In [0]:
import pandas as pd
from io import BytesIO
from pyspark.sql import SparkSession
from pyspark.sql.functions import lit, current_timestamp
import requests

In [0]:
dbutils.widgets.text("token", "", "token")
token = dbutils.widgets.get("token")

In [0]:
# Spark session
spark = SparkSession.builder.getOrCreate()

In [0]:
# URL do CSV
url_raw = "https://raw.githubusercontent.com/RafaelaSantos92/projeto-final/2d91c9a99aae72fa73f779d77e2f49fbf6a85c5d/raw-data/Populacao%20-%20Censo%202022.csv"

# Token
headers = {'Authorization': f'token {token}'} if token else None

# request
response = requests.get(url_raw, headers=headers)
response.raise_for_status()

# Carrega CSV em pandas
pdf = pd.read_csv(BytesIO(response.content))

# Normaliza os nomes das colunas para Delta
pdf.columns = [
    c.strip()
     .lower()
     .replace(" ", "_")
     .replace("-", "_")
     .replace(",", "")
     .replace("(", "")
     .replace(")", "")
     .replace(".", "")
     .encode('ascii', errors='ignore').decode()
    for c in pdf.columns
]

# Converte para Spark DataFrame
df = spark.createDataFrame(pdf)

# Adiciona colunas da camada Bronze
df = df.withColumn("source_file", lit(url_raw)) \
       .withColumn("ingestion_time", current_timestamp())

# Mostra 5 linhas para conferir
df.show(5)

# Salva como tabela gerenciada no schema Bronze
df.write.format("delta") \
    .mode("overwrite") \
    .saveAsTable("projeto_final_bronze.bronze_ibge_censo_2022")


In [0]:
import requests
from io import BytesIO
import pandas as pd
from pyspark.sql import SparkSession
from pyspark.sql.functions import lit, current_timestamp
import re

url = "https://api.github.com/repos/RafaelaSantos92/projeto-final/contents/raw-data/panorama-da-eja-no-brasil.xlsx?ref=main"

headers = {
    "Authorization": f"token {token}",
    "Accept": "application/vnd.github.v3.raw"
}

response = requests.get(url, headers=headers)
response.raise_for_status()

df = pd.read_excel(BytesIO(response.content))
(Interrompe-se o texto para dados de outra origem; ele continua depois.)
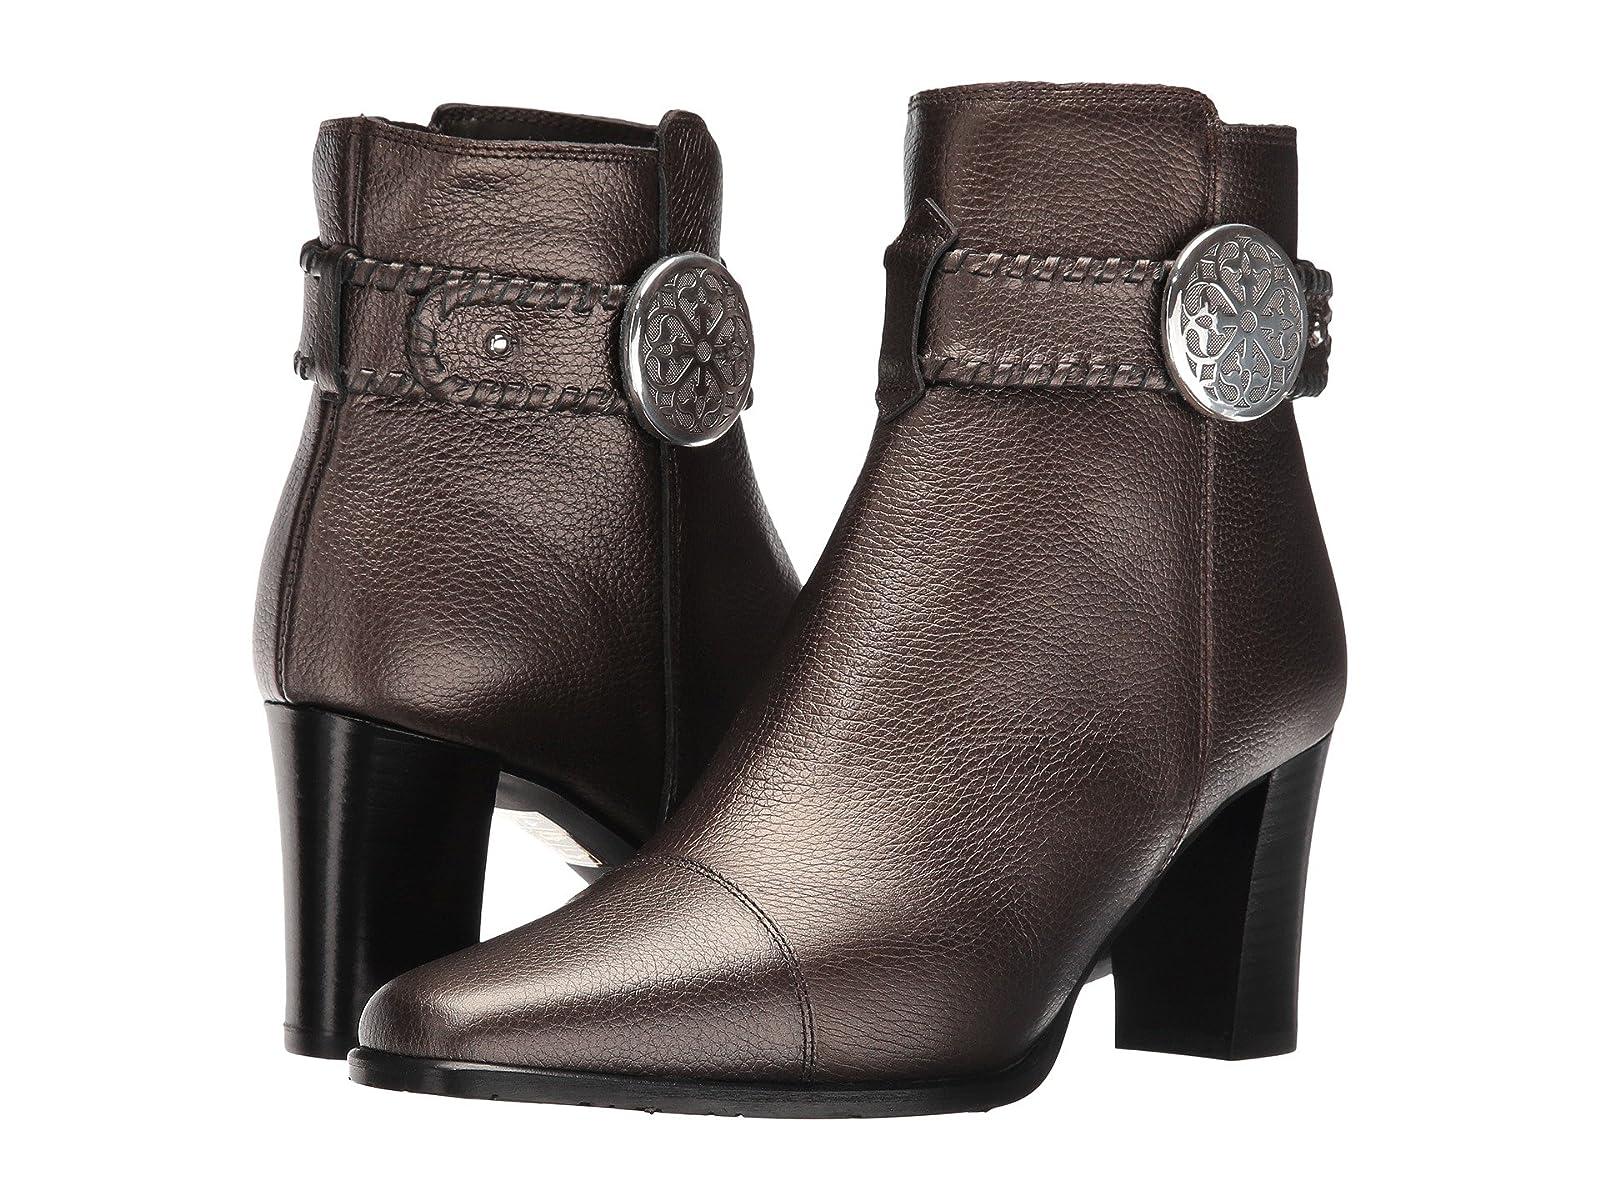 Brighton RyleeCheap and distinctive eye-catching shoes
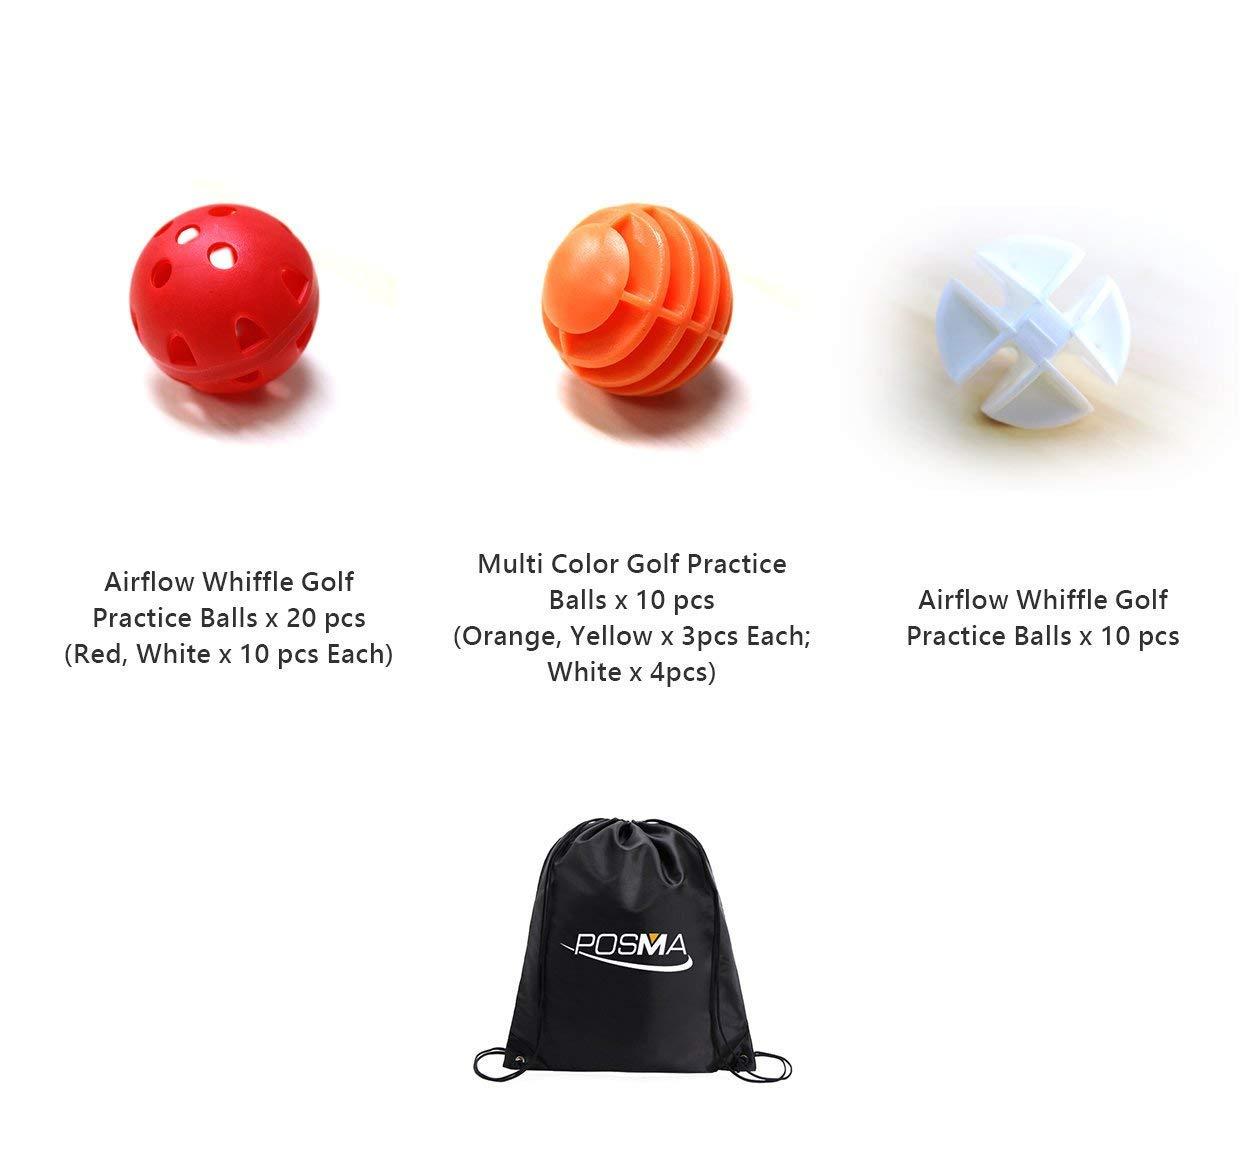 POSMA PB050A Airflow Whiffle Golf Practice Ball Multi Color + Multi Color Golf Balls + White Golf Ball + Carry Bag

# Remove colunas vazias e colunas "Unnamed"
df = df.dropna(axis=1, how="all")
df = df.loc[:, ~df.columns.str.contains('^Unnamed', case=False)]

# NORMALIZAÇÃO SEGURA PARA DELTA
def normalize_column_name(col):
    # Remove acentos e caracteres não ASCII
    col = col.encode('ascii', errors='ignore').decode()
    # Substitui qualquer caractere que não seja letra, número ou underline por underline
    col = re.sub(r'[^0-9a-zA-Z_]', '_', col)
    # Remove múltiplos underlines seguidos
    col = re.sub(r'_+', '_', col)
    # Remove underline no começo ou no final
    col = col.strip('_')
    # Força lowercase
    return col.lower()

df.columns = [normalize_column_name(c) for c in df.columns]

# Converte todas as colunas para string
df = df.astype(str)

spark = SparkSession.builder.getOrCreate()
df_spark = spark.createDataFrame(df)

df_spark = df_spark.withColumn("source_file", lit("panorama-da-eja-no-brasil.xlsx")) \
                   .withColumn("ingestion_time", current_timestamp())

# Mostra algumas linhas
df_spark.show(5)

# Salva como tabela Delta no schema Bronze
df_spark.write.format("delta") \
       .mode("overwrite") \
       .saveAsTable("projeto_final_bronze.bronze_panorama_eja")